Ketika membaca firman Allah: Dan hendaklah kamu tetap di rumahmu.” (QS. Al-Ahzab : 33) `Aisyah menangis tersedu-sedu hingga basahlah pakaiannya.
Demikian pula Ibnu Umar , ketika membaca ayat yang artinya: Belumkah datang waktunya bagi orang-orang yang beriman, untuk tunduk hati mereka mengingat Allah dan kepada kebenaran yang telah turun (kepada mereka).” (QS. Al-Hadid : 16) Beliau menangis hingga tiada kuasa menahan tangisnya.
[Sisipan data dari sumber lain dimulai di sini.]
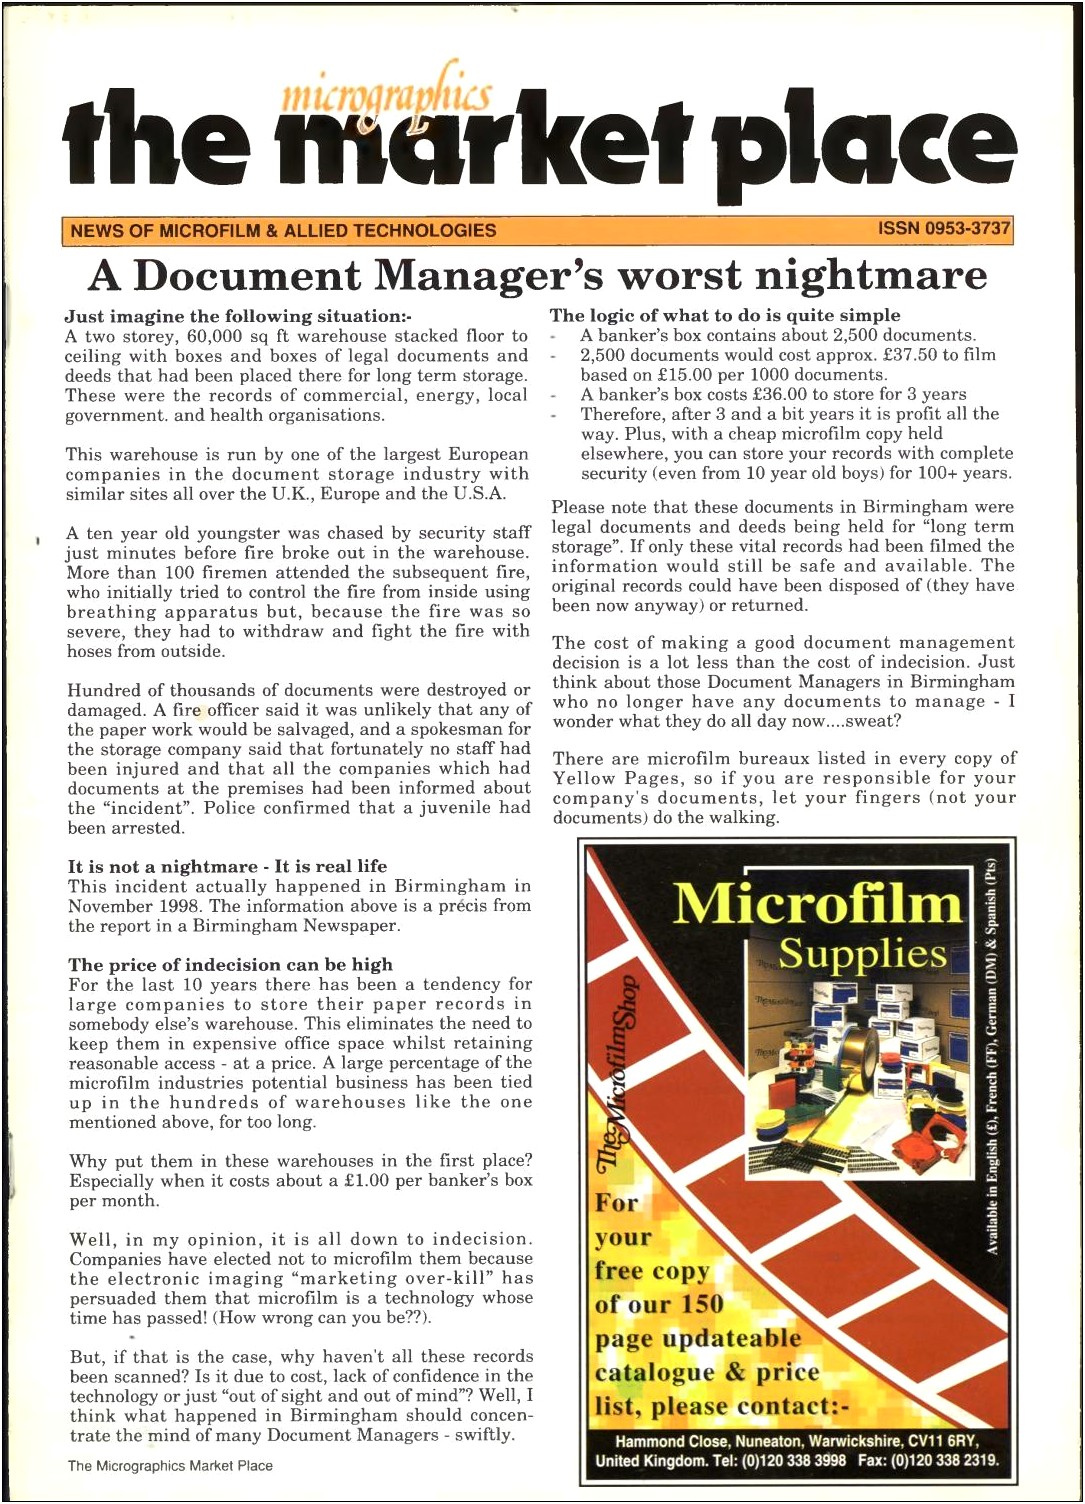 Bank Microfilm Data Enry Job Resume

Ketika beliau membaca surat Al-Muthaffifin setelah sampai pada ayat yang artinya: Pada suatu hari yang besar, (yaitu) hari (ketika) manusia berdiri menghadap Rabb semesta alam.” (QS. Al-Muthaffifiin : 5-6) Beliau menangis dan bertambah keras tangis beliau sehingga tidak mampu meneruskan bacaannya.
Salaf dan Tawadhu`
Pernah disebut-sebut tentang tawadhu` di hadapan Al-Hasan Al-Bashri, namun beliau diam saja. Ketika orang-orang mendesaknya berbicara ia berkata kepada mereka: “Saya lihat kalian banyak bercerita tentang tawadhu`!” Mereka berkata: “Apa itu tawadhu` wahai Abu Sa`id?” Beliau menjawab: “Yaitu setiap kali ia keluar rumah dan bertemu seorang muslim ia selalu menyangka bahwa orang itu lebih baik daripada dirinya.”
Ibnul Mubarak pernah ditanya tentang sebuah masalah di hadapan Sufyan bin Uyainah, ia berkata: “Kami dilarang berbicara di hadapan orang-orang yang lebih senior dari kami.”
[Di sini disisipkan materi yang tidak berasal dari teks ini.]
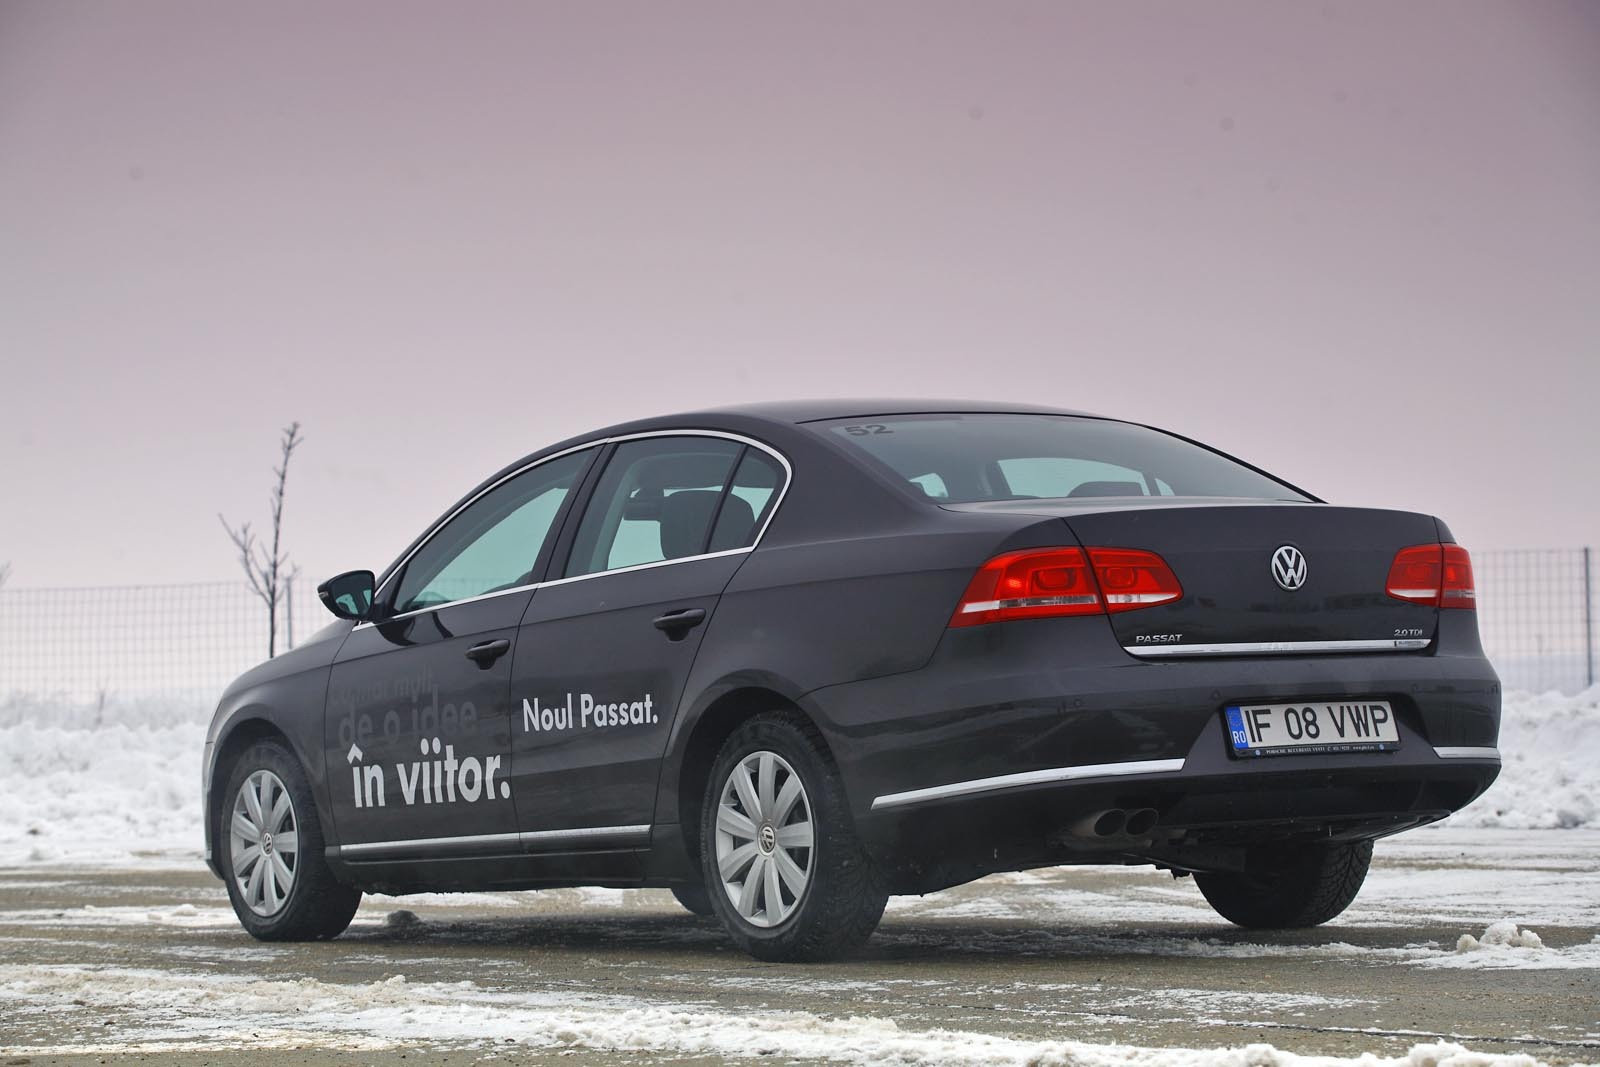 Volkswagen Passat 2.0 TDI 140 pleaca de la 23.000 euro

Al-Fudhail bin Iyadh pernah ditanya: “Apa itu tawadhu`?” Ia menjawab: “Yaitu engkau tunduk kepada kebenaran!”
Mutharrif bin Abdillah berkata: “Tidak ada seorangpun yang memujiku kecuali diriku merasa semakin kecil.”
Salaf dan Sifat Santun
Pada suatu malam yang gelap Umar bin Abdul Aziz memasuki masjid. Ia melewati seorang lelaki yang tengah tidur nyenyak. Lelaki itu terbangun dan berkata: “Apakah engkau gila!” Umar menjawab: “Tidak “ Namun para pengawal berusaha meringkus lelaki itu. Namun Umar bin Abdul Aziz mencegah mereka seraya berkata: “Dia hanya bertanya: Apakah engkau gila! dan saya jawab: Tidak.”
Seorang lelaki melapor kepada Wahab bin Munabbih: “Sesungguhnya Fulan telah mencaci engkau!” Ia menjawab: “Kelihatannya setan tidak menemukan kurir selain engkau!”
Salaf dan Sifat Zuhud
Yusuf bin Asbath pernah mendengar Sufyan Ats-Tsauri berkata: “Aku tidak pernah melihat kezuhudan yang lebih sulit daripada kezuhudan terhadap kekuasaan. Kita banyak menemui orang-orang yang zuhud dalam masalah makanan, minuman, harta dan pakaian. Namun ketika diberikan kekuasaan kepadanya maka iapun akan mempertahankan dan berani bermusuhan demi membelanya.”
Imam Ahmad pernah ditanya tentang seorang lelaki yang memiliki seribu dinar apakah termasuk zuhud? Beliau menjawab:” Bisa saja, asalkan ia tidak terlalu gembira bila bertambah dan tidak terlalu bersedih jika berkurang.”